# Debugging

This page lists useful checks during development.

## Run all tests

```bash
PYTHONPATH=src pytest -q
```

This is the main check before committing changes.

## Compile all Python files

```bash
python -m compileall src scripts app
```

This catches syntax errors and some import issues.

## Test default corpus build

```bash
PYTHONPATH=src python scripts/build_corpus.py
```

This should write:

```text
data/processed/corpus.jsonl
```

## Test dynamic corpus build

```bash
PYTHONPATH=src python scripts/build_corpus.py \
  --config configs/project_config.yaml \
  --output-path data/projects/mmore/corpus.jsonl
```

This should write:

```text
data/projects/mmore/corpus.jsonl
```

## Test answering on a project-specific corpus

```bash
PYTHONPATH=src python scripts/answer_question.py \
  "Which Milvus parameters are used in the ColPali config?" \
  --llm \
  --backend simple \
  --corpus-path data/projects/mmore/corpus.jsonl \
  --config-path configs/app_config.yaml
```

For MMORE, some structured questions may be answered directly by the project profile without loading the LLM.

## Debug Streamlit state

The app stores local state in:

```text
data/app_state.json
```

If the interface restores an old project or wrong corpus path, remove this file:

```bash
rm -f data/app_state.json
```

Then restart Streamlit.

## Clear generated project corpora

```bash
rm -rf data/projects/
```

Then rebuild the project corpus from the Streamlit interface or from the command line.

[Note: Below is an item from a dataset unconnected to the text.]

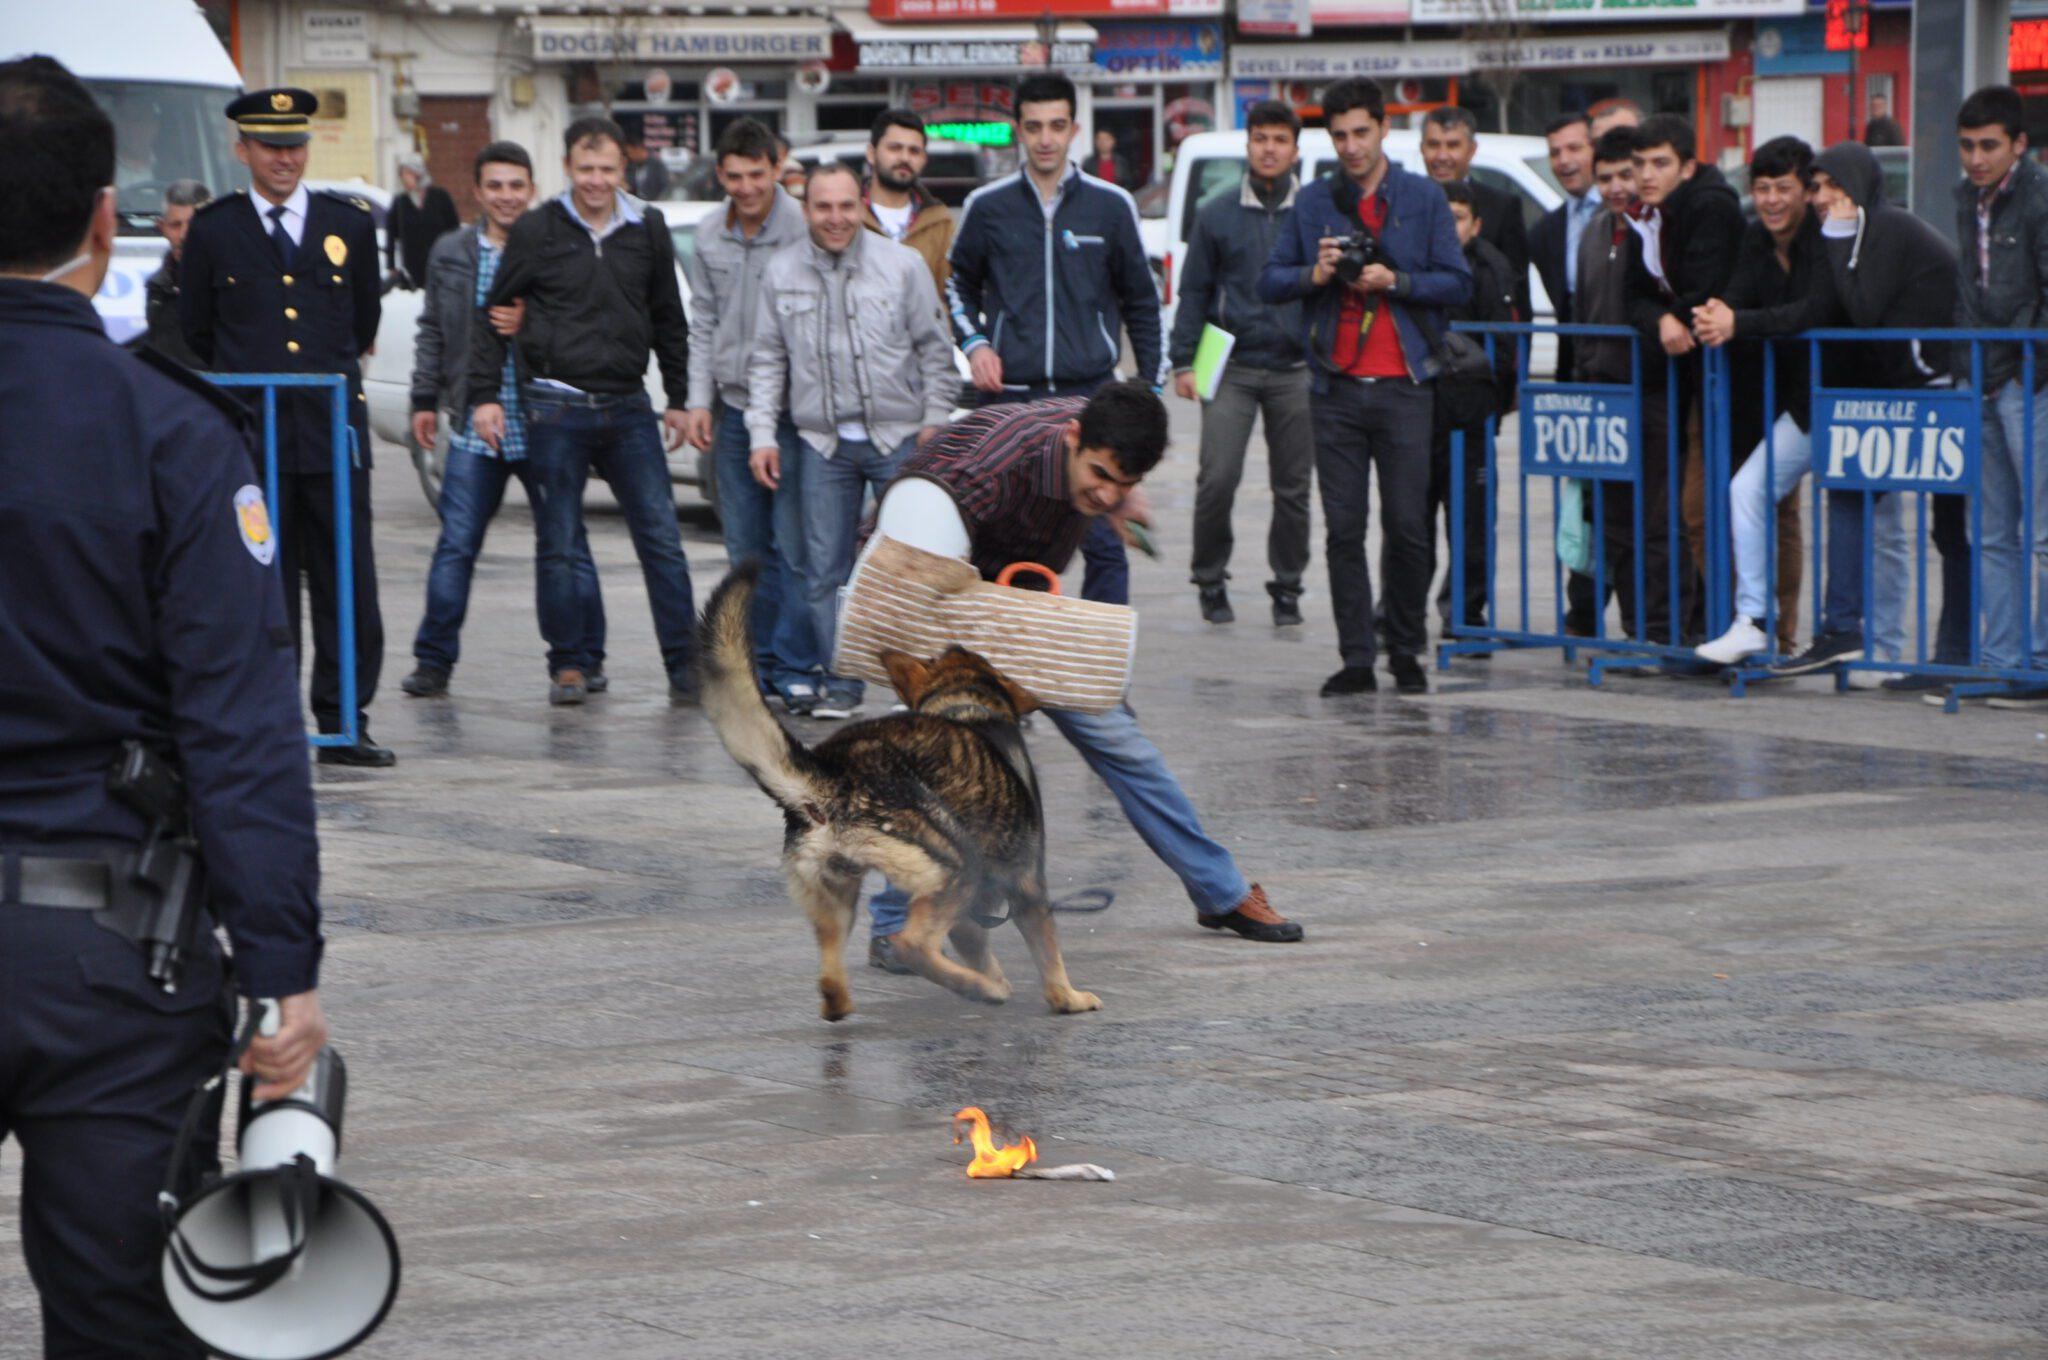 Polis köpekleri şov yaptı - Kırıkkale Haber, Son Dakika Kırıkkale Haberleri

## Check for old imports after refactoring

```bash
grep -R "docask.retrieval.answering\|docask.retrieval.prompting\|docask.retrieval.extractive_answerer\|docask.retrieval.mmore_format\|docask.retrieval.mmore_indexer" -n src scripts app docs
```

This should return nothing after moving files into `rag/` and `indexing/`.

## Remove generated cache files

```bash
find . -type d -name "__pycache__" -prune -exec rm -rf {} +
rm -rf src/docask.egg-info
```

## Avoid grepping inside the virtual environment

If the virtual environment is inside the repo, grep can return unrelated files from dependencies.

Prefer:

```bash
grep -R "test_prompting\|test_retrieval" -n README.md scripts src docs tests
```

instead of:

```bash
grep -R "test_prompting\|test_retrieval" -n .
```

## Debug source extraction

Build the full corpus:

```bash
PYTHONPATH=src python scripts/build_corpus.py
```

Preview specific source types:

```bash
PYTHONPATH=src python scripts/preview_corpus.py --source-type python_function --limit 3
PYTHONPATH=src python scripts/preview_corpus.py --source-type example_config --limit 3
PYTHONPATH=src python scripts/preview_corpus.py --source-type repo_structure --limit 1
```

## Debug retrieval quality

```bash
PYTHONPATH=src python scripts/debug_retrieval.py "How do I configure indexing?"
```

If results are poor, check:

- whether the expected source exists in the corpus;
- whether the source type is correct;
- whether titles and metadata are informative;
- whether the selected backend reads the expected corpus or index;
- whether the query is too vague;
- whether a project profile should expand, filter, or rerank that intent.

## Backend mismatch

A common issue is using:

```text
backend mmore
```

after building a new corpus with Streamlit.

Building a corpus does not update the MMORE index. For a newly built project corpus, use:

```text
backend simple
```

unless the MMORE export and index have also been rebuilt.